У Сакса сердце повернулось в груди. Куда делась досада, куда скрылся призрак семейных ужасов!
Однако он крепился, молчал, смотрел еще угрюмее, но смотрел в ту сторону, где ходила Полинька… Ему хотелось помучить ее.
Не вините Константина Александрыча: вы, может быть, не знаете, какое болезненное, упоительное наслаждение мучить ребенка, за волосок, за улыбку которого мы готовы отдать полжизни? И еще как мучить!
По этому поводу я скоро расскажу вам другую историю… грустную историю, странную историю.
Сакс все молчал и сидел, угрюмо наклонив голову.
Полинька вынесла из своей спальни какие-то книжки и подошла к мужу.
— Смотри, Костя, — сказала она:- вот что прислала мне сегодня Таня Запольская. Стоит ли их читать? Ты ведь все знаешь.
Константин Александрыч взглянул на книги: то был бесконечно длинный французский роман.
— Брось это, — сказал он: — лучше ничего не читать, чем портить свой вкус этою дрянью.
— Да мне хочется читать что-нибудь, — говорила Полинька, взявши с этажерки роман Жоржа Санда «Les Mauprats» [42]. — Это хорошо?

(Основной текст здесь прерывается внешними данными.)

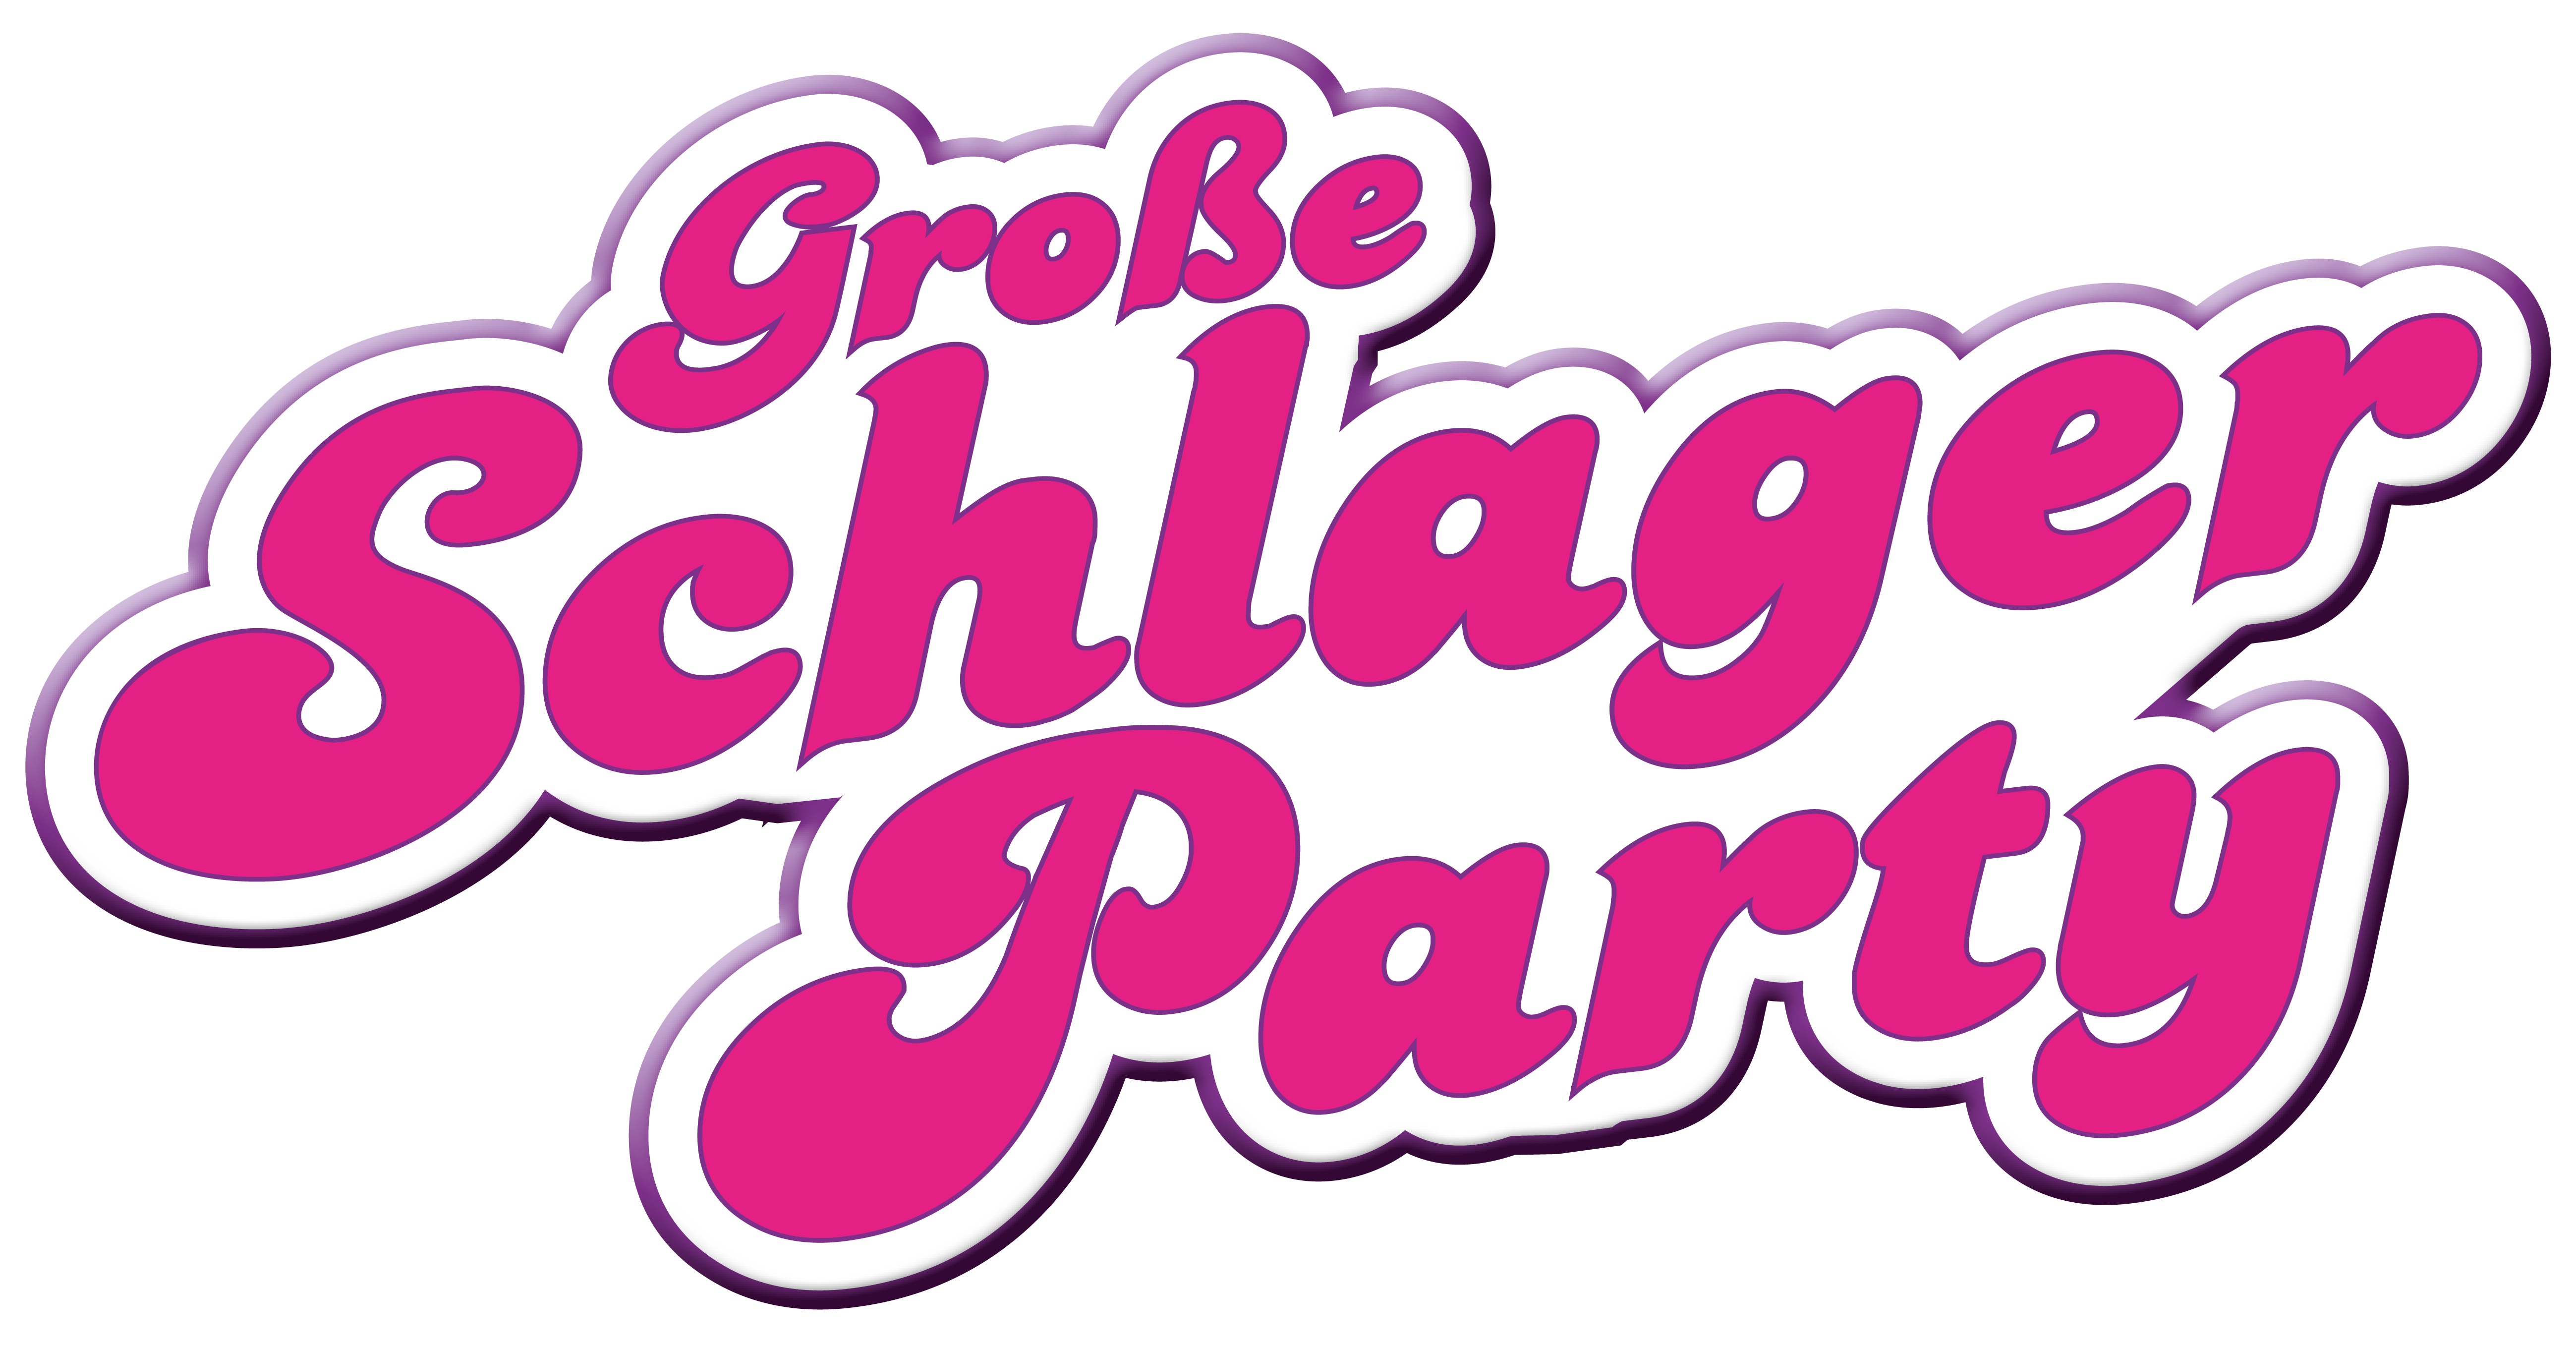 Gross Schlagerparty logo

— Это очень хорошо, Полинька, да ведь ты же выбранила Жоржа Санда напропалую.
— Ну, я виновата, я стану его читать.
— Ты еще жаловалась, что ничего в нем не понимаешь.
— Я читала без охоты: теперь я буду стараться. Хочешь Костя, — сказала Полинька с веселым видом, с которым отпускала страшнейшие свои наивности: — хочешь, я буду учиться по этой книге. Видишь, — тут она загнула два верхние листка, — я выучу это, как долбили мы в школе: Il est temps de lever nos yeux vers le ciel… Calypso ne pouvait se consoler du depart… [43]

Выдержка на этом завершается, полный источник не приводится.